PROBLEM TO WORK ON: Every line from the first one in the data below through the line holding "2-Pack Vertical Stripe" is to be written out exactly, with the pictures omitted.

Stored items from a collection:

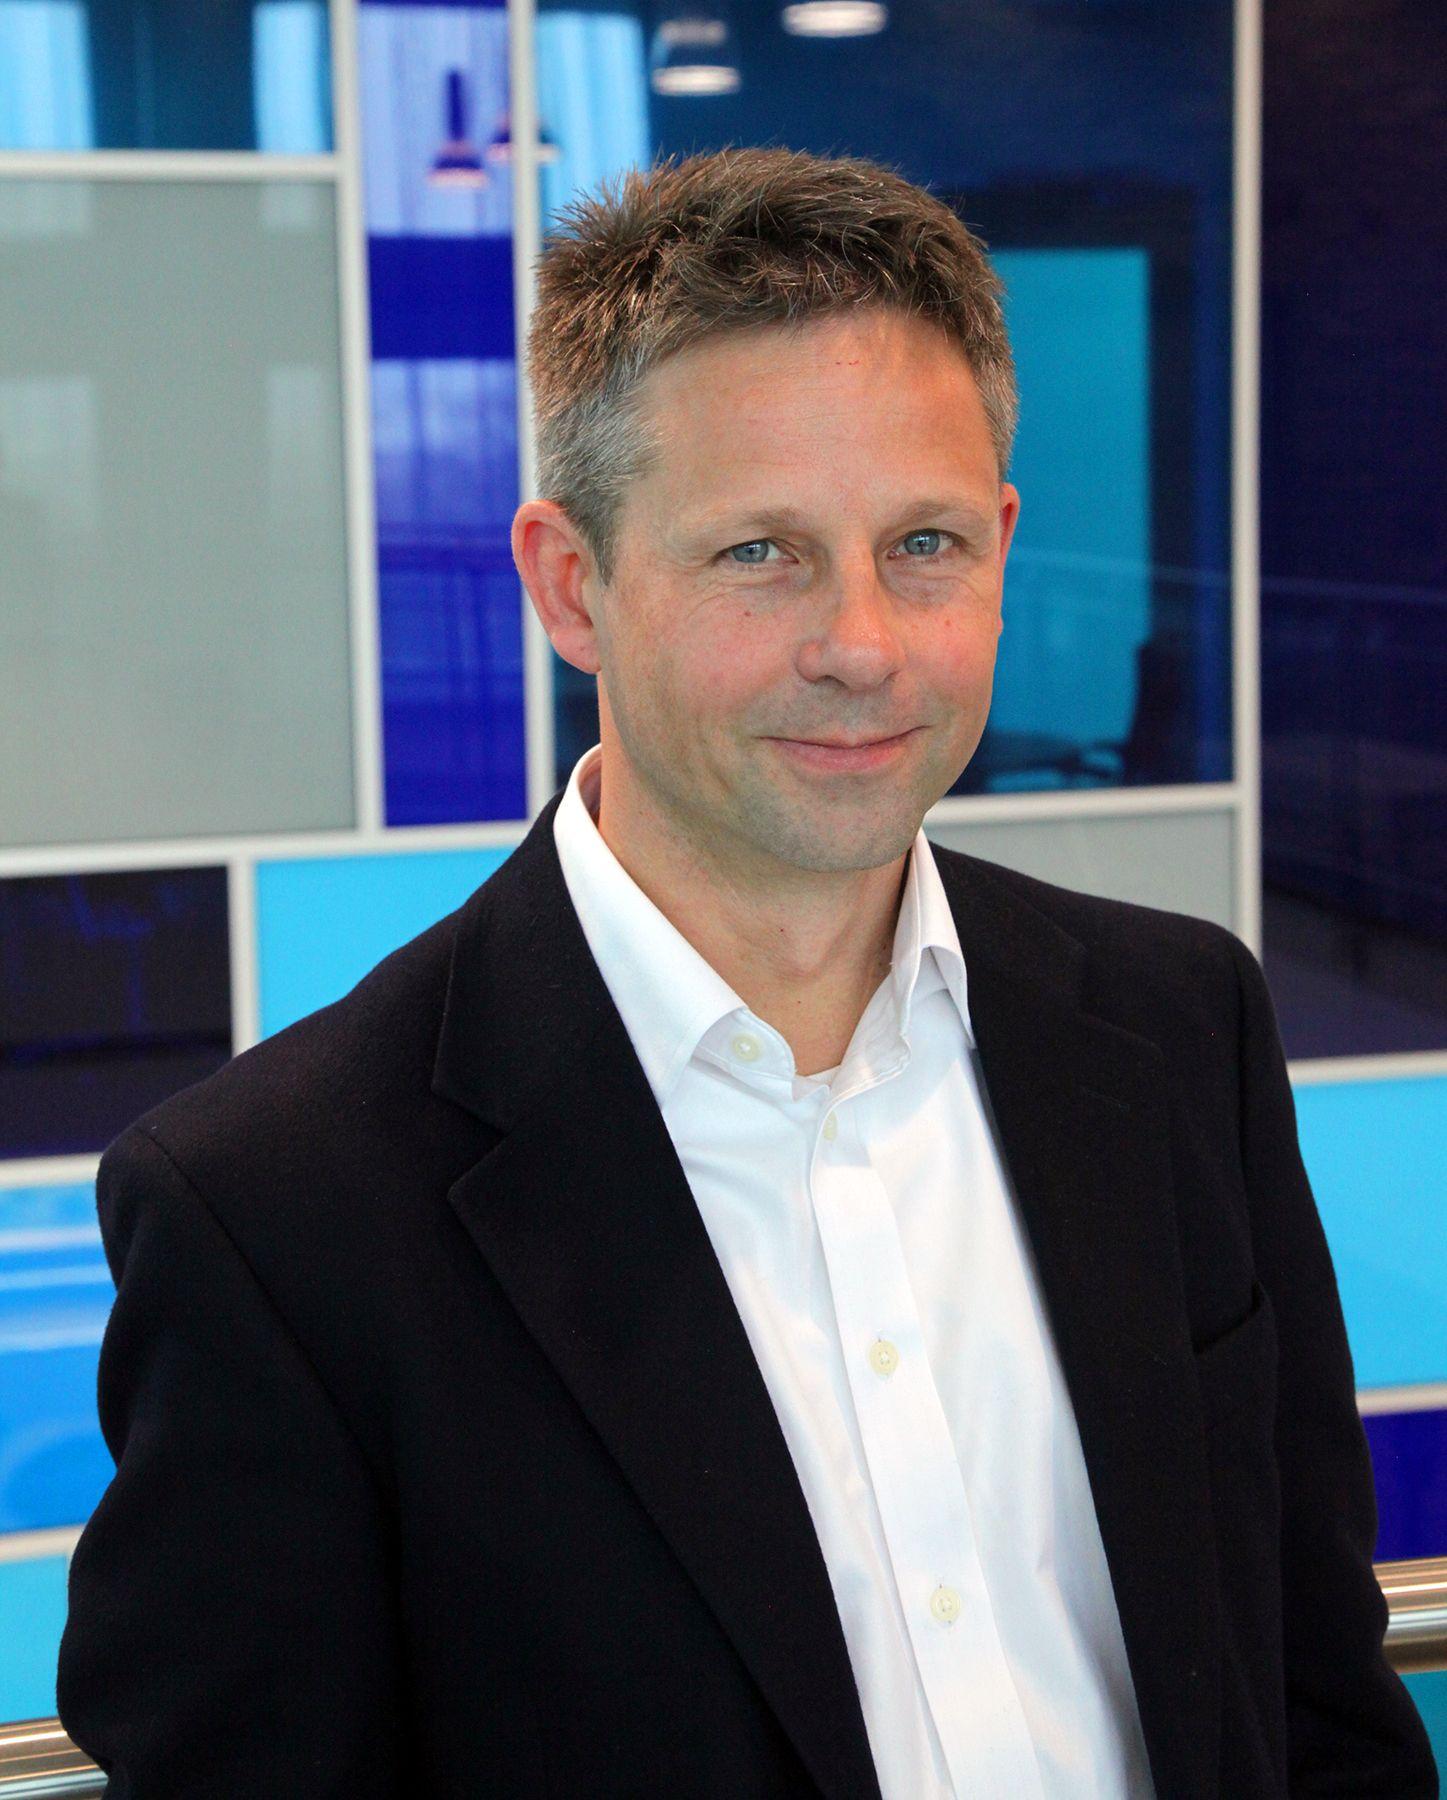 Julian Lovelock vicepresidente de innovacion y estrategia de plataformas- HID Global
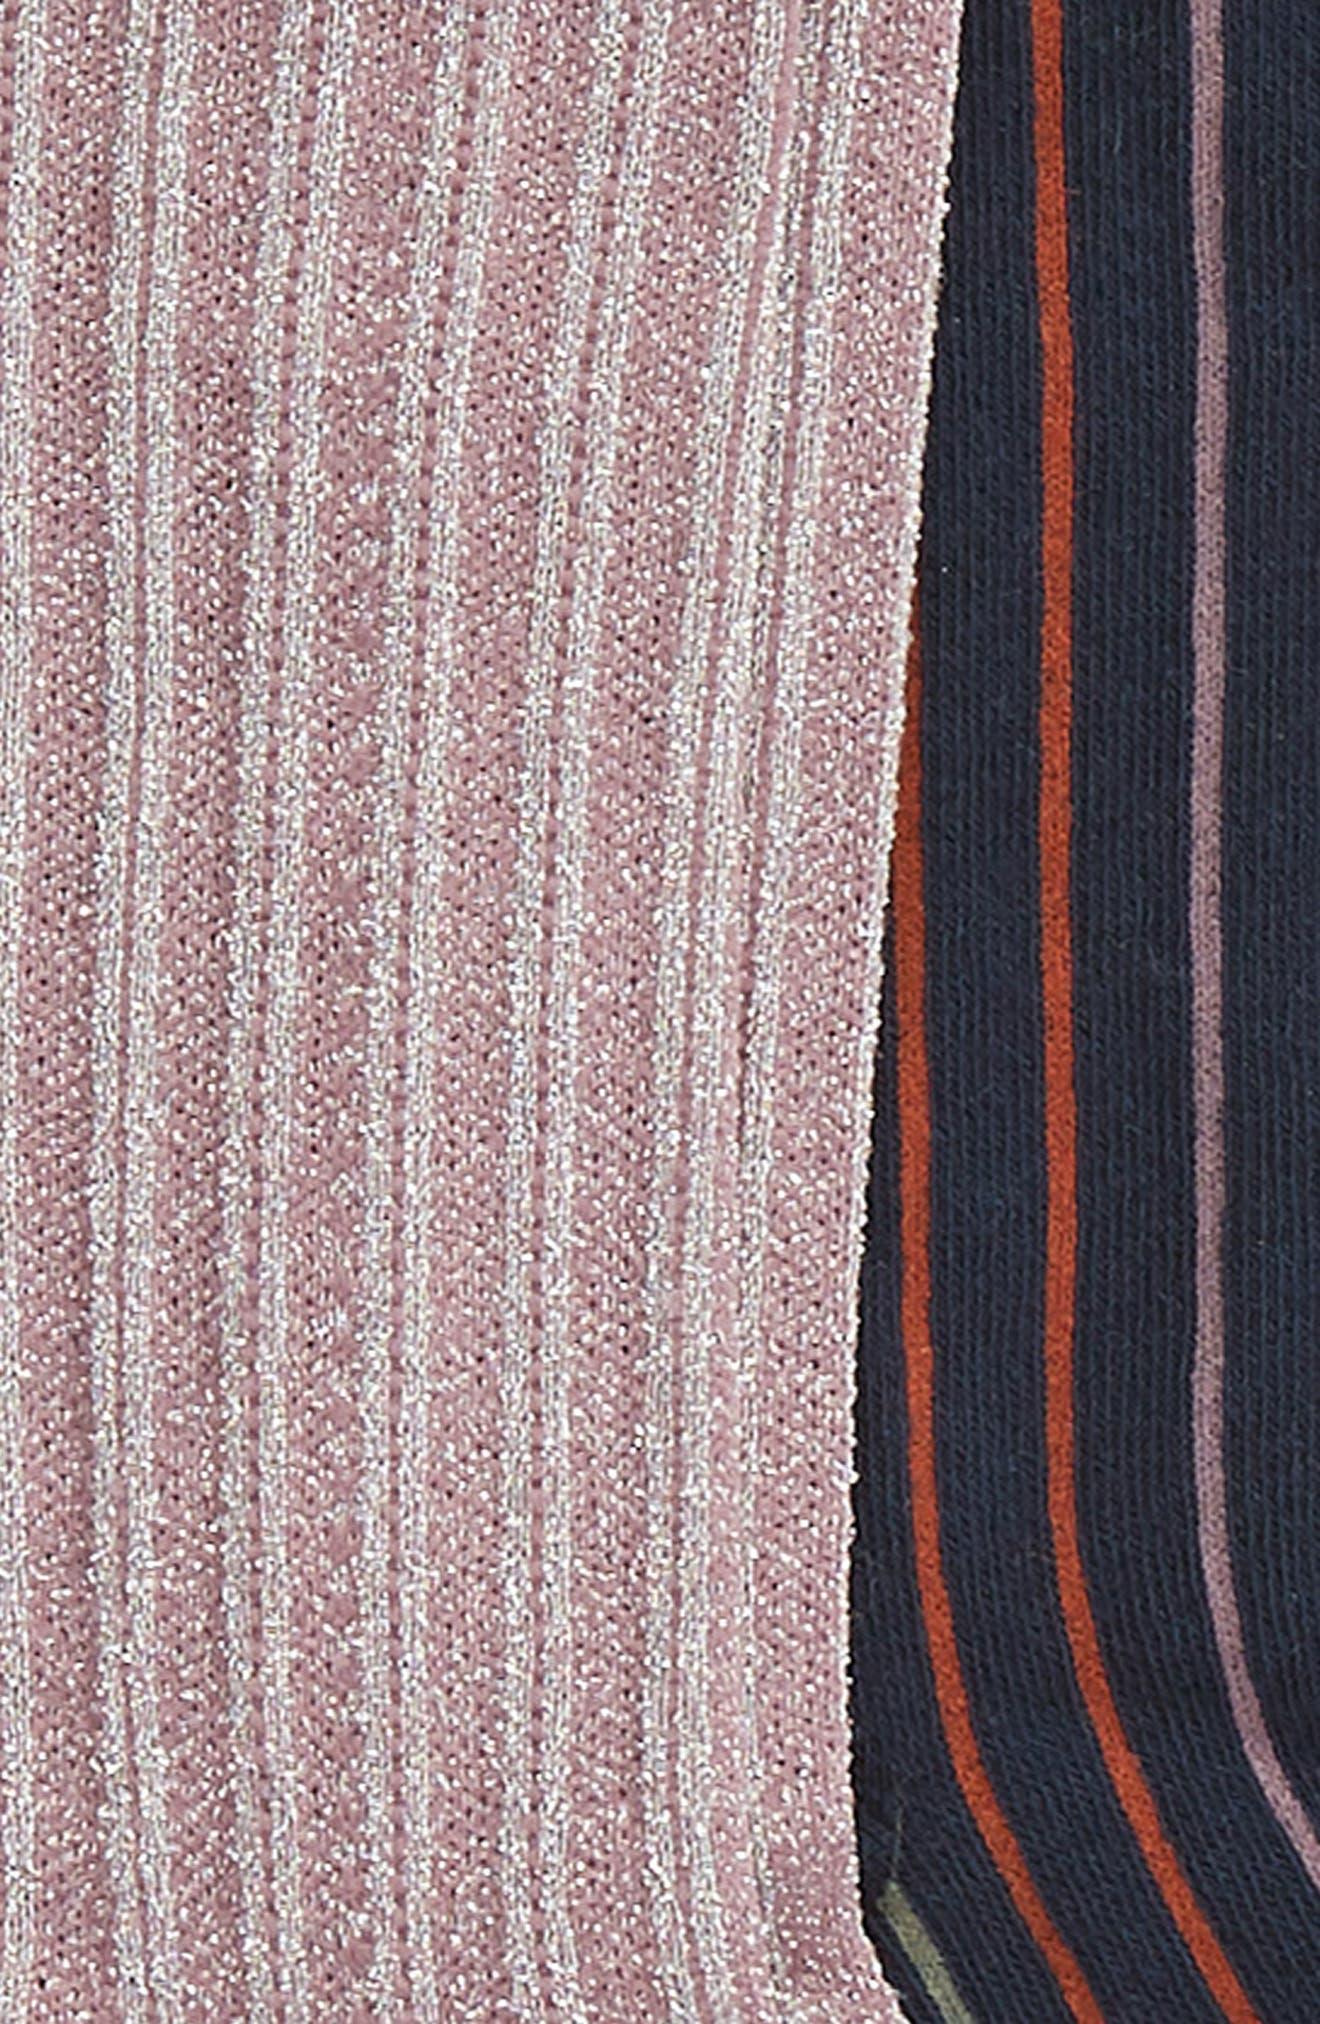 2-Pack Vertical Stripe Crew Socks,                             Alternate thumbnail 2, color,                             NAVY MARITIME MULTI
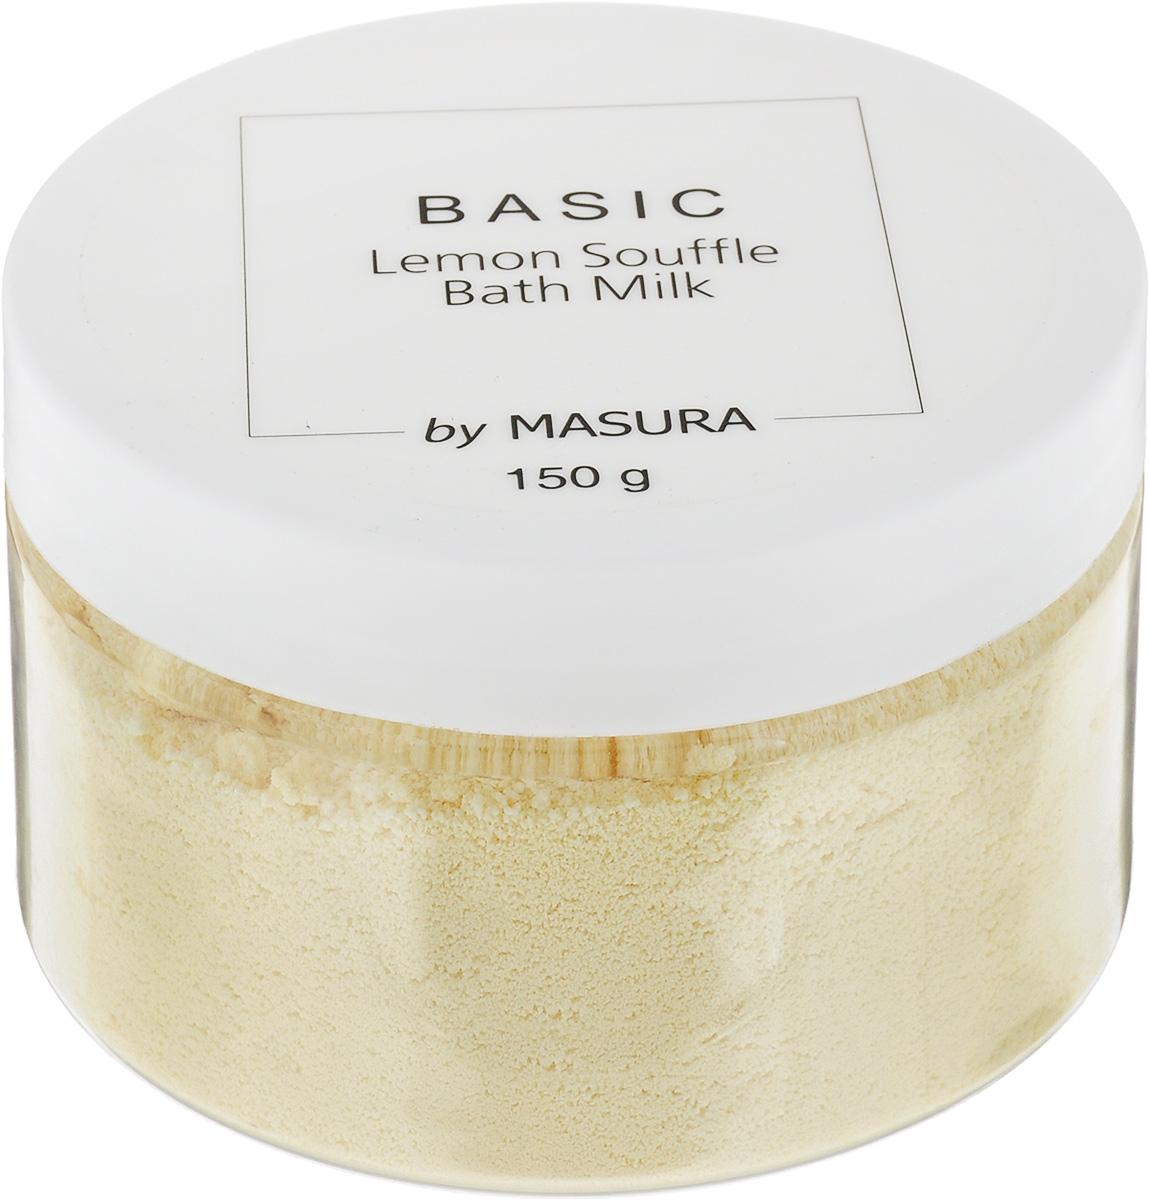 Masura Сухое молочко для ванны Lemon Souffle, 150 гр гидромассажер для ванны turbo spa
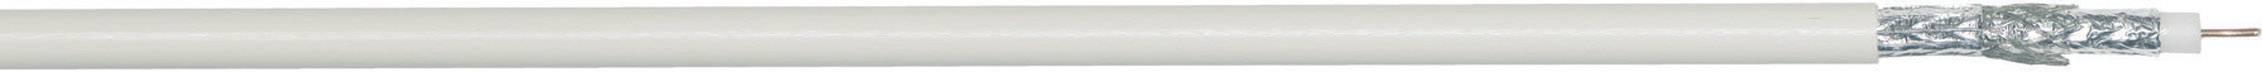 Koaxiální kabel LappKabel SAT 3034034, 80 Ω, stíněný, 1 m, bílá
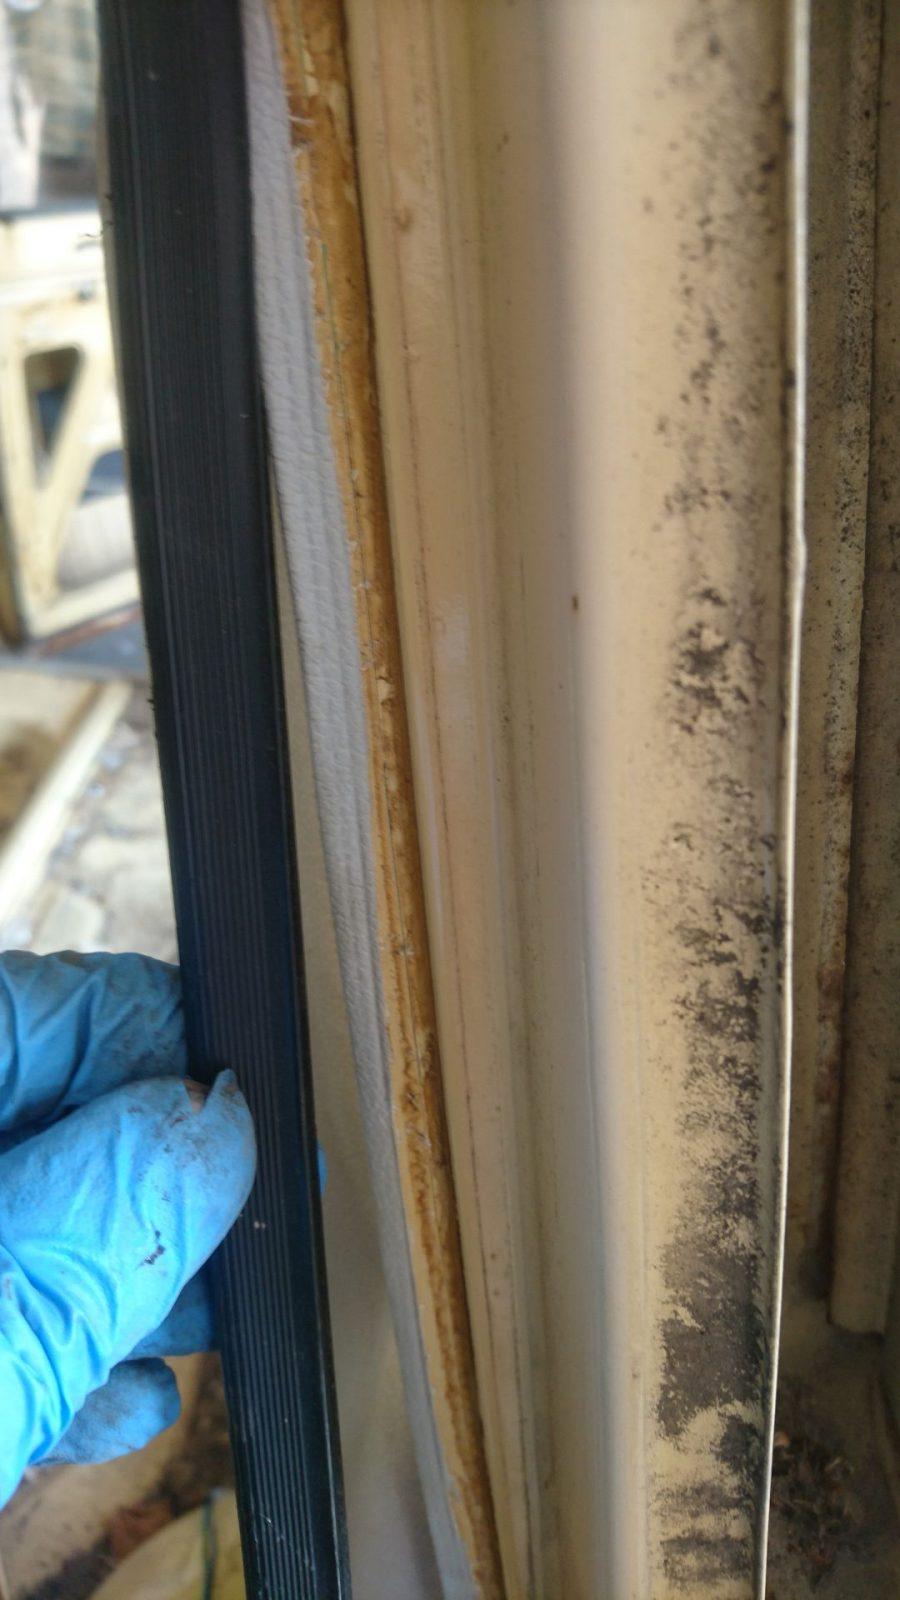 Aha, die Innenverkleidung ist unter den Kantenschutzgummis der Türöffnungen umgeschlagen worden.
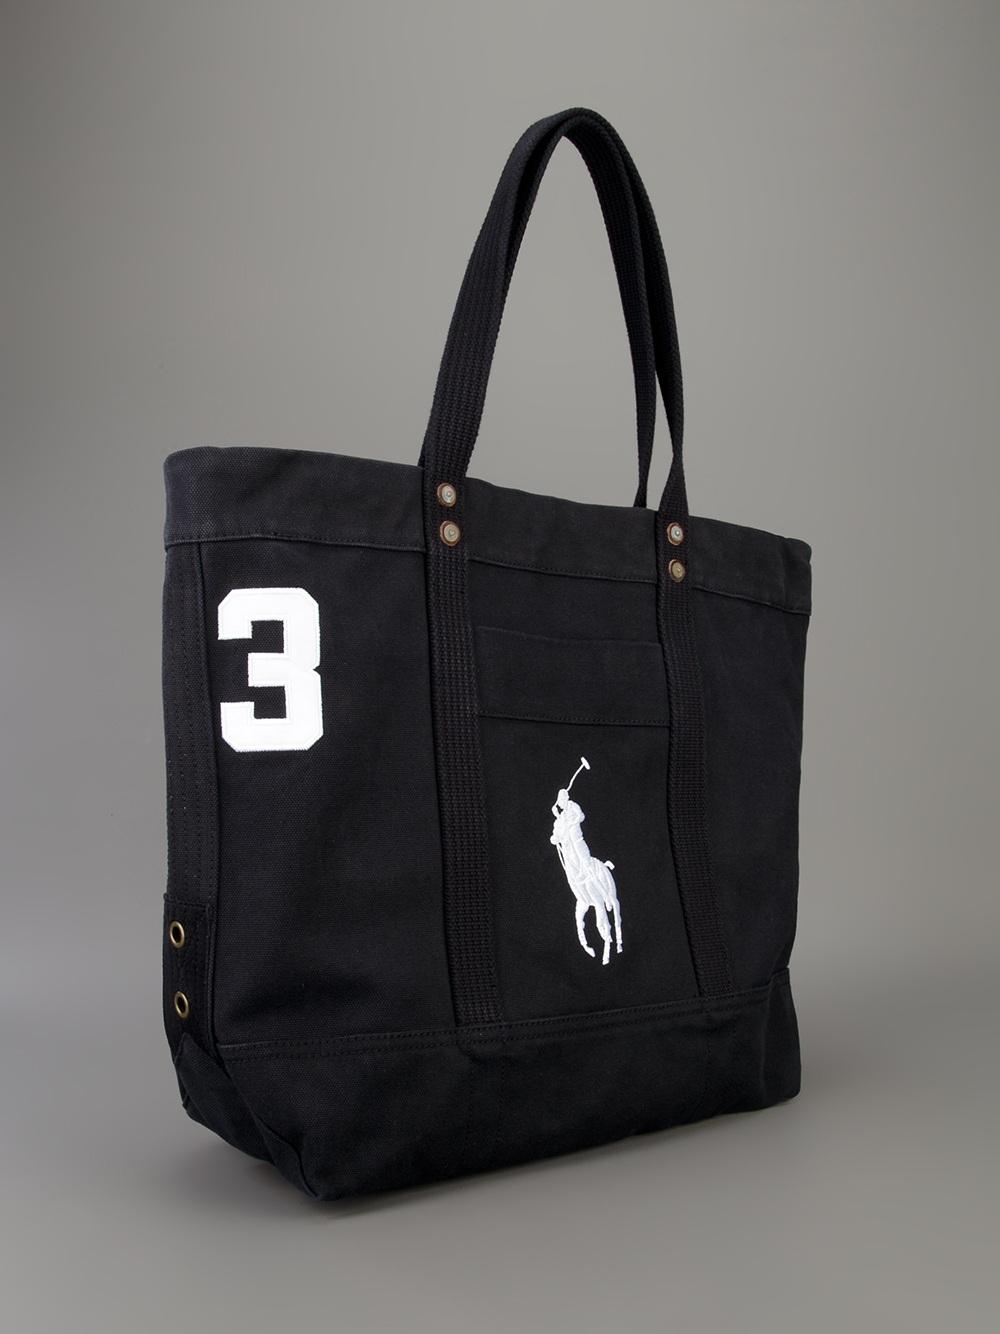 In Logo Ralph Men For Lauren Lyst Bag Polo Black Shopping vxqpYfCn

FINISHED TASK:
 Julian Lovelock vicepresidente de innovacion y estrategia de plataformas- HID Global
 2-Pack Vertical Stripe Crew Socks,                             Alternate thumbnail 2, color,                             NAVY MARITIME MULTI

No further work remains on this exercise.